Create a new GitHub repository by cloning the GloBI template repository
Give a name to the repository. The repository will be created at your account namespace (Owner).
Choose if you want to make your repository public or private. Private repositories are not accessible by others and can not be indexed by GloBI. You can choose to initially create a private repository and when you are ready you can make it public.
Click the Create repository button.
Upload the biotic interactions data file in text-delimited format (e.g. CSV, TSV) to the repository (Add file->Upload files)
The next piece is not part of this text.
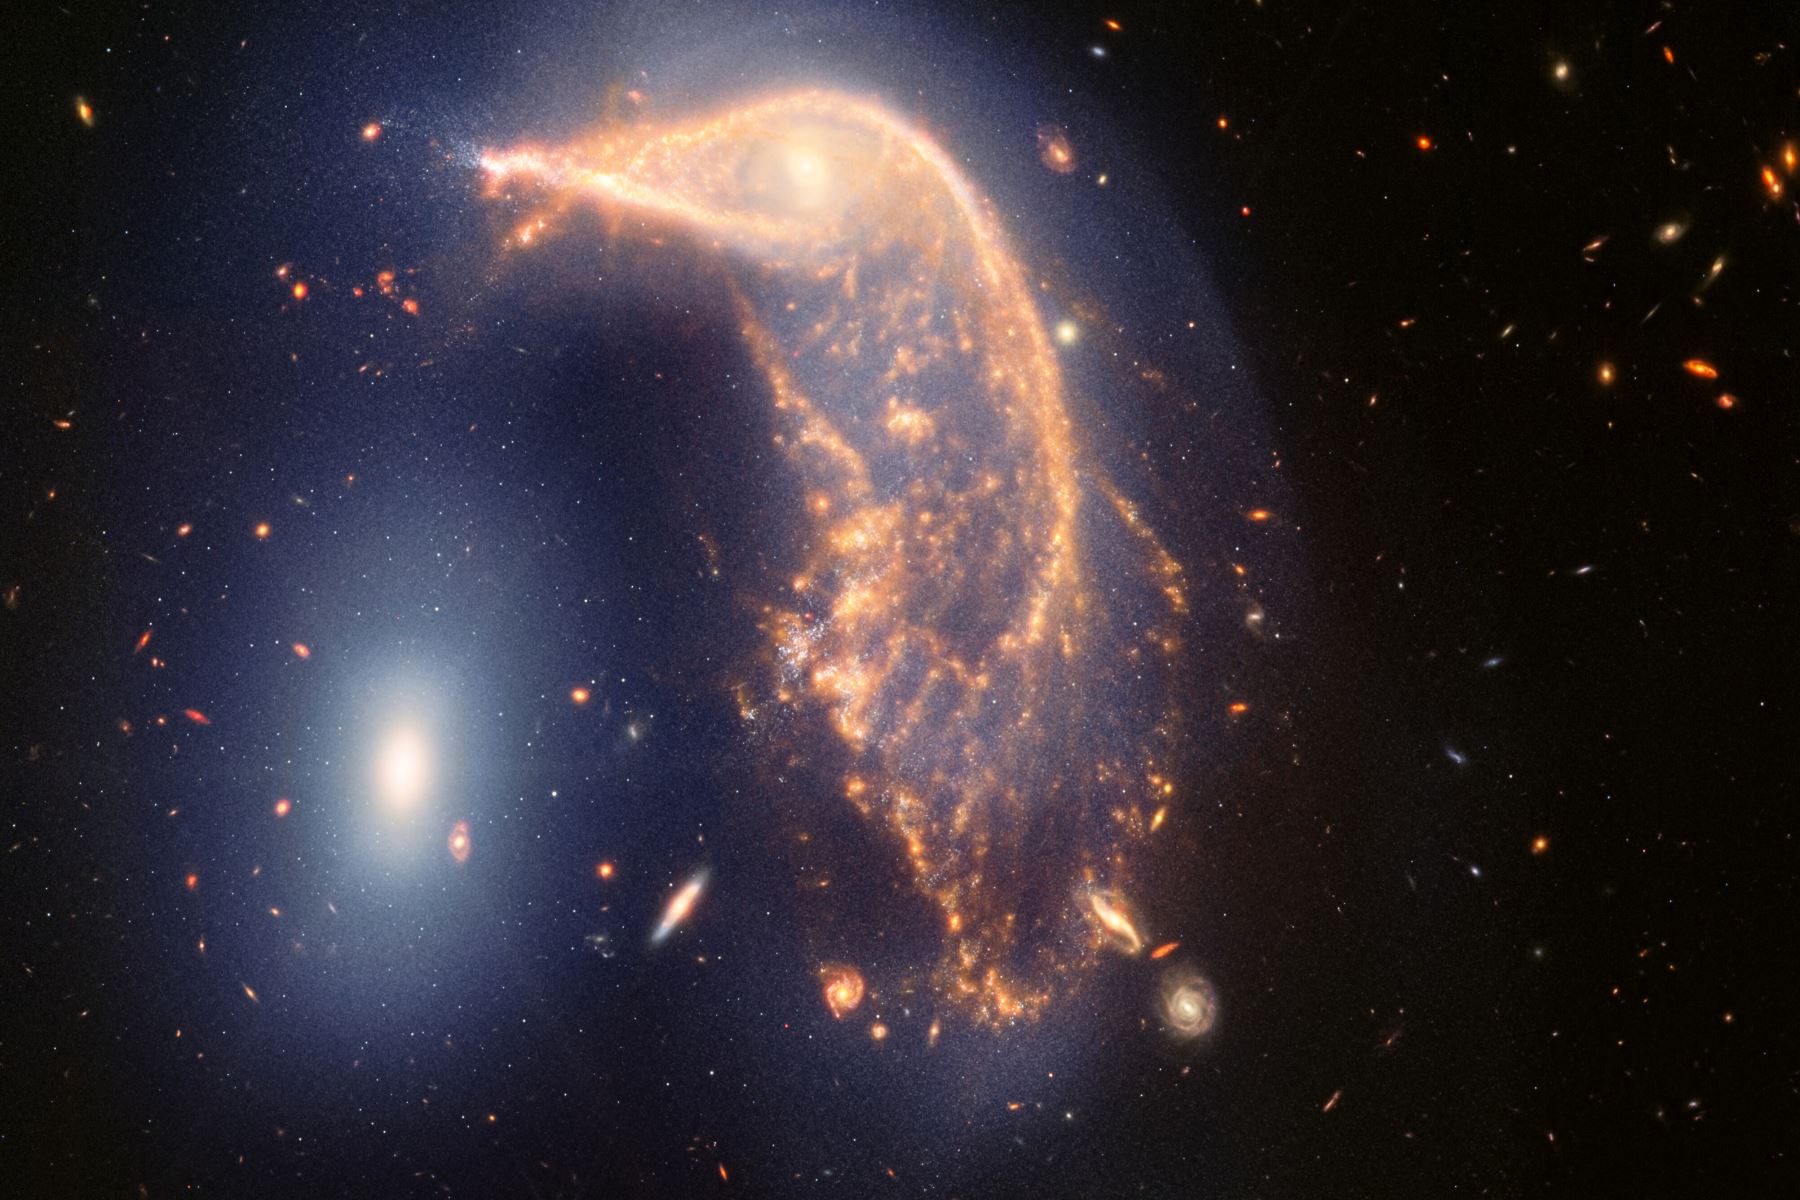 Celebrando dos años de ciencia, esta nueva imagen de Webb muestra dos galaxias: un pingüino (NGC 2936) custodiando un huevo (NGC 2937). Webb revela que están en un abrazo cósmico, unidos por una neblina azul de estrellas y gas. Foto: @NASAWebb

Creating a metadata using EML#

While GloBI does not require a metadata description using EML (Ecological Metadata Language) for data publication, adhering to FAIR principles necessitates the provision of access to metadata through the EML standard.
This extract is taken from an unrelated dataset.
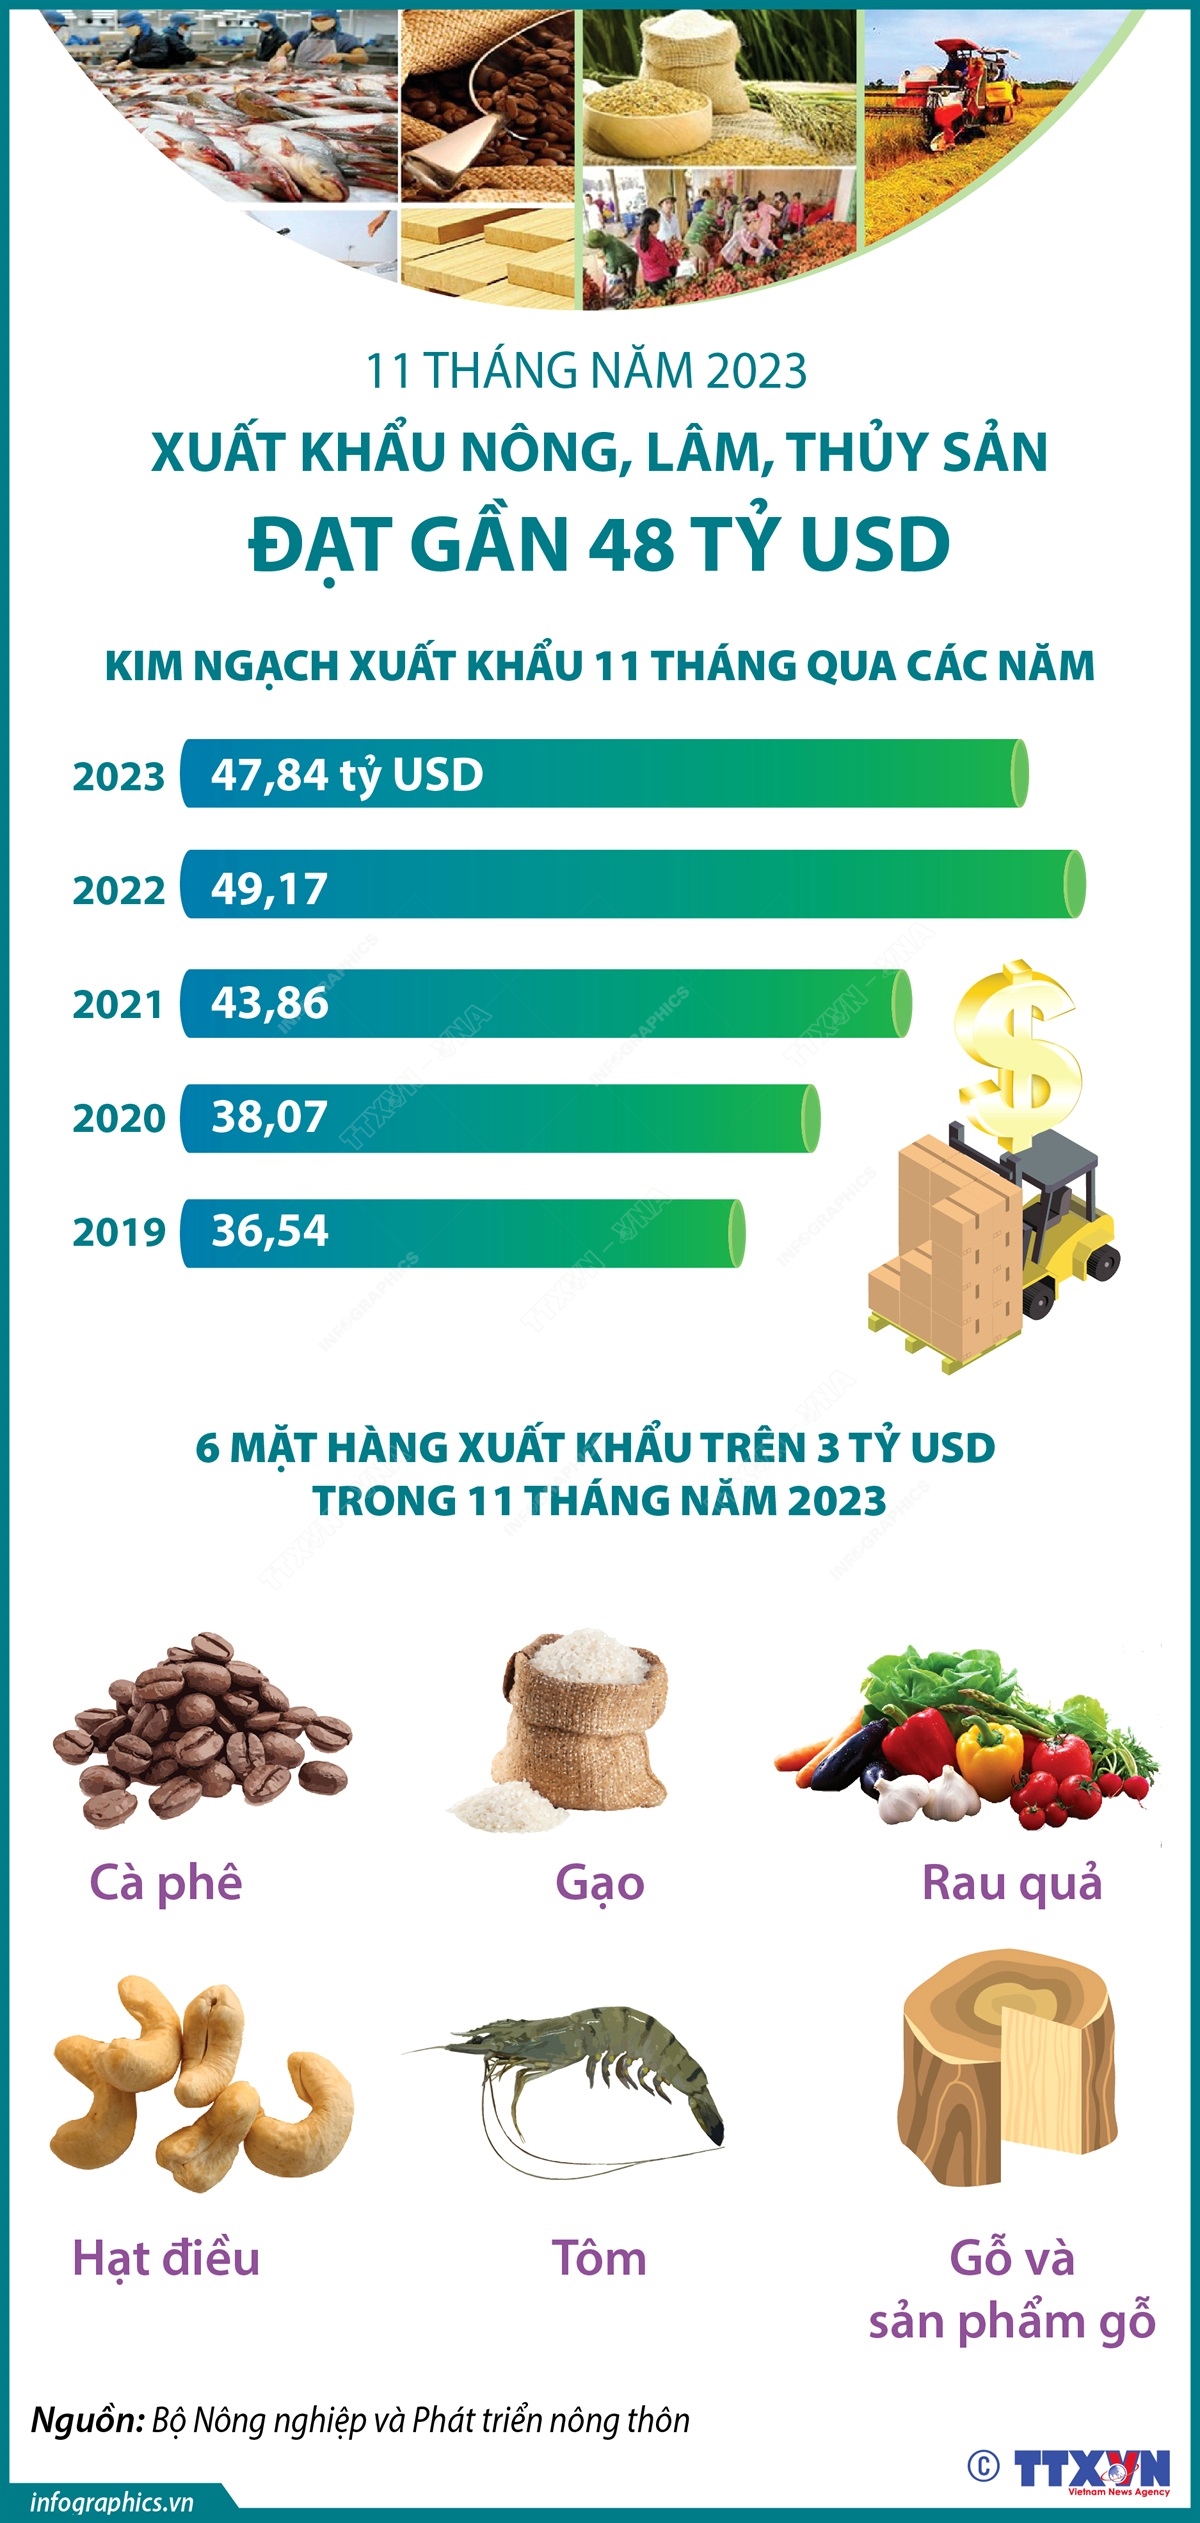 11 tháng năm 2023: Xuất khẩu nông, lâm, thủy sản đạt gần 48 tỷ USD - Ảnh 1.

EML documentation can be generated using the ezeml tool as described below:

First create a new account in ezeml
Create a new EML document and add all information for the minimum set of terms for biotic interactions datasets (optionally also include the RECOMMENDED terms to improve reusability of datasets) described in the Metadata standardization.
Fill the description of data table and columns mapping (see Documenting data and column mapping).
Export the EML file using the menu: Import/Export->Download EML file (XML).
Save the EML (XML) file locally.

Documenting data and column mapping#

In order to GloBI read and process the dataset the EML (XML) file must include the description of the data table. In the ezeml tool this can be created using the Data Tables menu (Fig. 4). Change the field Online Distribution URL to point to file with biotic interactions data in the GitHub repository.

Note

The direct URL of a file can be generate from GitHub using the Raw button in the file preview page (Fig. 3)

../../_images/raw.png — Fig. 3 Generate direct URL for a file in GitHub by clicking in the `Raw` button.#

The original data table with biotic interaction records must be uploaded using CSV file and then the columns mapping can be created using GloBI vocabulary as attribute name. First you need to load a text-delimited file into ezml (Fig. 4). After successful upload the file, the original columns can be mapped to GloBI vocabulary and Darwin Core standard.
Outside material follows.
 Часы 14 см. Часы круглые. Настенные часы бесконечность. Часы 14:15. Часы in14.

To edit the columns mapping click on Edit Column Properties button in the Data Table page (Fig. 4).

../../_images/ezeml-data-table.png — Fig. 4 Loading a `data table` in `ezeml` tool.#

In the Columns Properties page, select the column which you want to map and click on the Edit Properties button (Fig. 5).

../../_images/ezeml-columns.png — Fig. 5 `Columns Properties` page in `ezeml` tool. To edit the mapping of a specific column click on `Edit Properties` button.#

In the column properties page you MUST fill the fields: Name and Definition as following (Fig. 6):

Name with a term from the GloBI vocabulary if available. You may use terms from other standards or vocabularies when GloBI vocabulary lacks a term, or alternatively, you can provided your own definition for the column
Definition with the URL (ID) of the term in the DwC standard or any other standard/ontology in order to provide a machine readable definition for the column

../../_images/ezeml-mapping.png — Fig. 6 Column mapping to GloBI vocabulary and Darwin Core standard. The fields `Name` and `Definition` MUST be provided.#

When all columns have been mapped to GloBI vocabulary or to DwC and PPI, continue with metadata description, exporting the EML (XML) file at the end.

Preparing the GitHub repository for GloBI#

The new created repository will look like shown in Fig. 7.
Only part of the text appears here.